A majority of women (and a significant minority of men) in the UK have been sexually harassed at work. It’s worse in some settings, such as male-dominated occupations, hierarchical organisations, or where there are blurred boundaries between work and leisure.

And it’s worse for some demographic groups, such as young workers, LGBT workers, or minority ethnic groups. There are huge consequences for individuals, of course, but also for their employers.

Sexual harassment is not a niche interest – it’s a core trade union issue.

Our response to the #MeToo movement was to create a set of resources that go beyond simply enumerating the problems and start offering solutions. This week, we publish the second edition of the guide, updated with the insights gained from two years’ of deployment and education in our members’ workplaces.

Our informed and practical approach has earned us invitations to discuss the issue with employers and industry bodies who share our goal to eliminate sexual harassment. We have pushed them hard: to reflect candidly, to challenge their own thinking, and to hear some uncomfortable truths.

We too – all trade unions – have cause for reflection.

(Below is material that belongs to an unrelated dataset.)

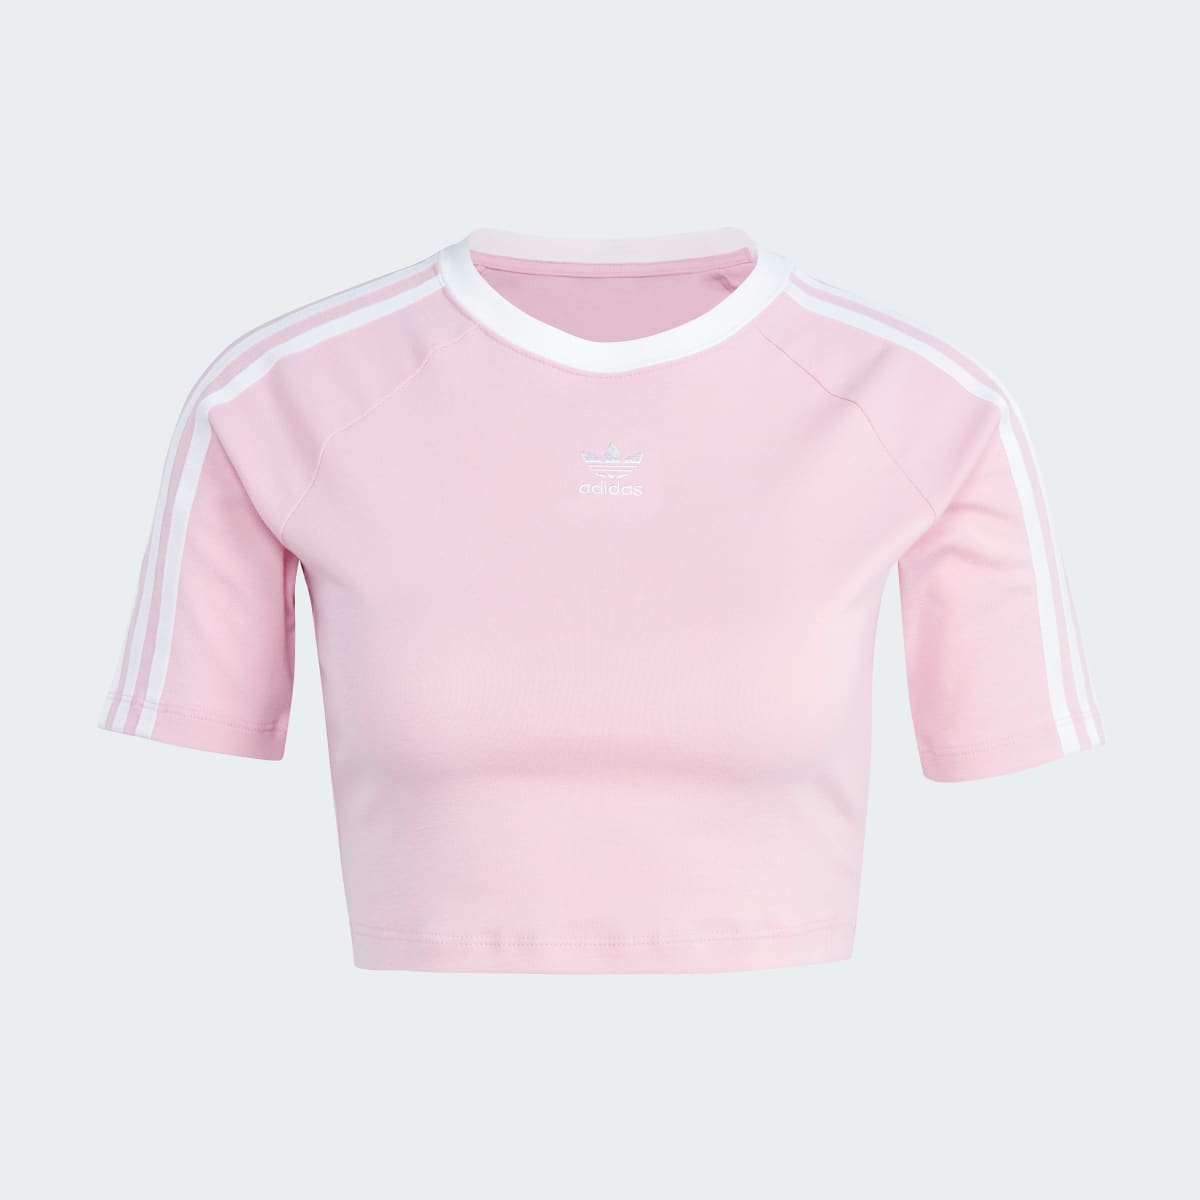 Adidas 3-Stripes Baby T-Shirt. 5

We share many workplace characteristics with the industries we represent, that constitute risks for sexual harassment.

We know that sexual harassment is both endemic and vastly underreported, so we cannot afford to be complacent based on the absence of disclosures. Nor can we count on our ‘higher purpose’ to protect us: we’ve learned that from the fallout of the Oxfam and Save The Children scandals.

We must, therefore, set ourselves the same challenge that we put to the employers we work with: create a respectful workplace culture that suppresses all forms of bullying, harassment and discrimination; a culture where every member feels confident to challenge behaviours that make them feel uncomfortable, and every member knows that they will be supported right to the top of the union.

Culture is a collective attribute. It must be powered by the grass roots of our movement: you, our members, and reps. It will be up to you to identify and challenge behaviours that undermine our shared values of respect and inclusion.

And I give you my personal commitment that you will not stand alone when you do. Culture is powered by the grass roots, but it’s steered by the tone and the expectations of leadership.

So let me make this unmistakably clear: we do not tolerate sexual harassment. There is no place in Prospect for sexism of any kind. There is no place for bullying, harassment or discrimination.

I expect every one of you – members, reps and staff – to help make our union workspaces exemplars of dignity and respect. And you should expect nothing less from me and your union in return.